Тень проходит по стене из кубиков справа налево, за нею крадется еще тень – слева направо. Таммуз всем телом наклоняется вперед перед рывком. На миг замирает и говорит Хемеду:

– Слушай, ты спрячешься здесь, за стеной, которую я построил. Не двигайся с места, пока я их не выгоню. Они еще могут схватить тебя и сбросить вниз.

Таммуз не успевает завершить фразу, как Хемед прячется за ним, как будто заранее знал, что Таммуз скажет. Последний совершает рывок, и в этот миг левая нога его цепляется за что-то, и он растягивается на земле, сильно ударившись, и мысль молнией проносится в сознании: это он зацепился за ногу Хемеда. Тот не успел уйти в укрытие и, по всей вероятности, нечаянно подставил ему подножку. Два брата, которые улепетывали, увидев, что Таммуз упал, возвращаются, набрасываются на него и волокут к краю пропасти.

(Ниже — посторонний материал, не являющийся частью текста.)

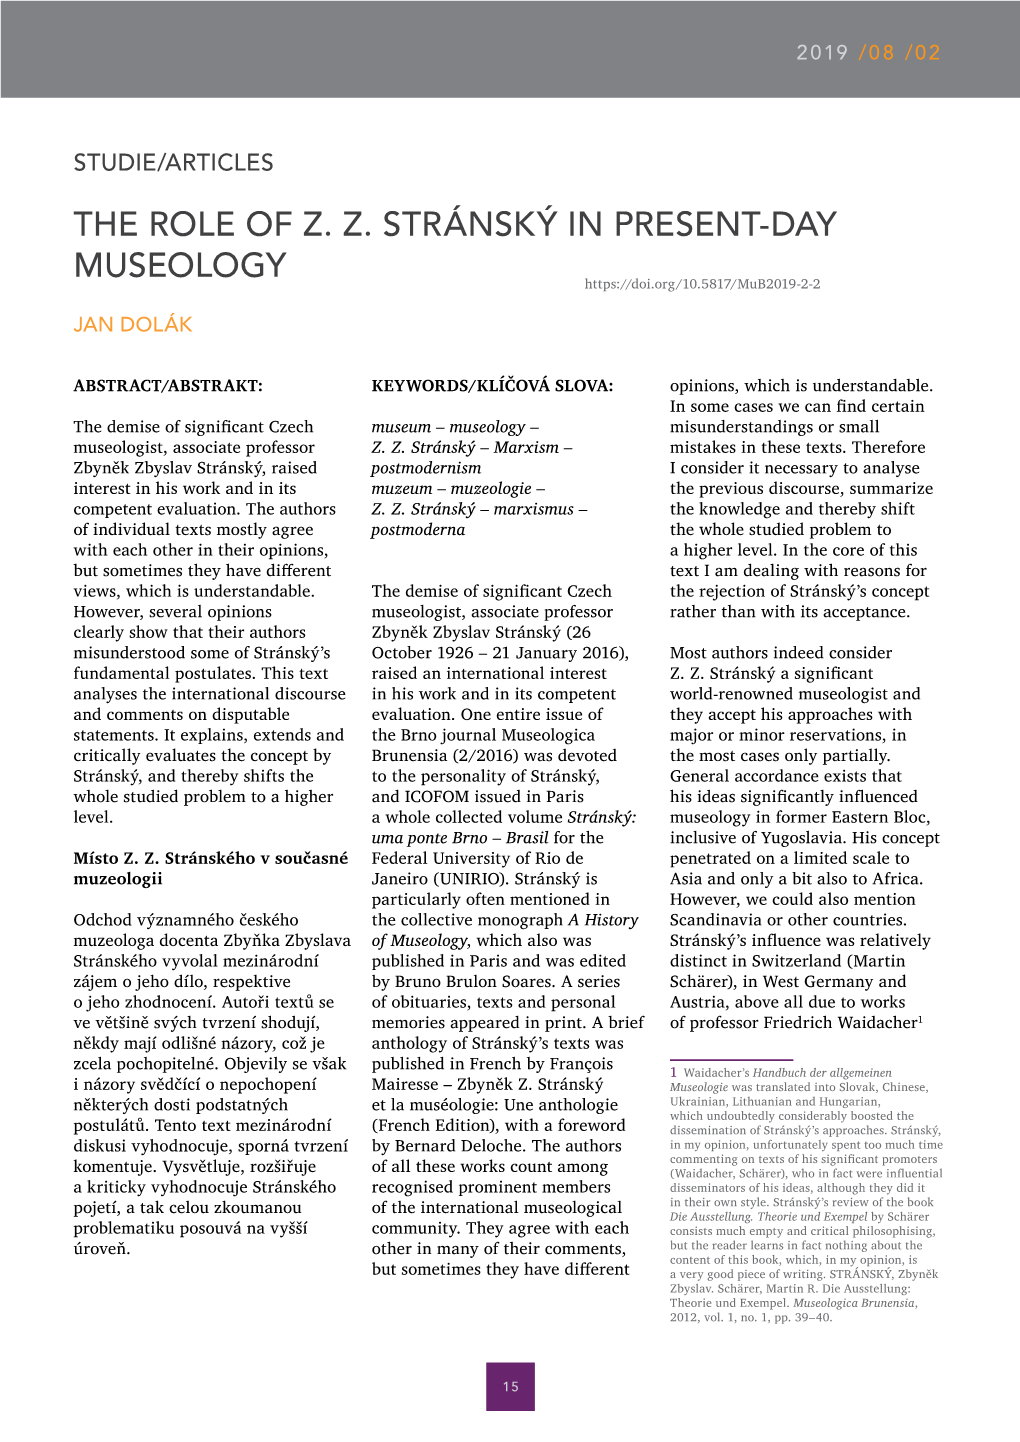 The Role of Z. Z. Stránský in Present-Day Museology

Таммуз борется с ними из последних сил. Ему удается, несмотря на боль в ребрах и пыль, забившую рот и ноздри, перевернуться, сбросить их с себя и ухватиться за трубу. Теперь он видит Хемеда, бегущего ему на помощь. Но в последний миг происходит нечто неожиданное. Вместо того, чтобы наброситься на тех двух, он бежит прямо на Таммуза и ботинком ударяет его по руке, держащейся за трубу. От сильного удара рука разжимается, и Таммуз падает в пропасть до того, как появляется второй ботинок Хемеда, нацелившийся в его лицо: подошва ботинка Хемеда пролетает над волосами Таммуза и ударяет в пустоту, где-то там, в высоте, далеко от головы.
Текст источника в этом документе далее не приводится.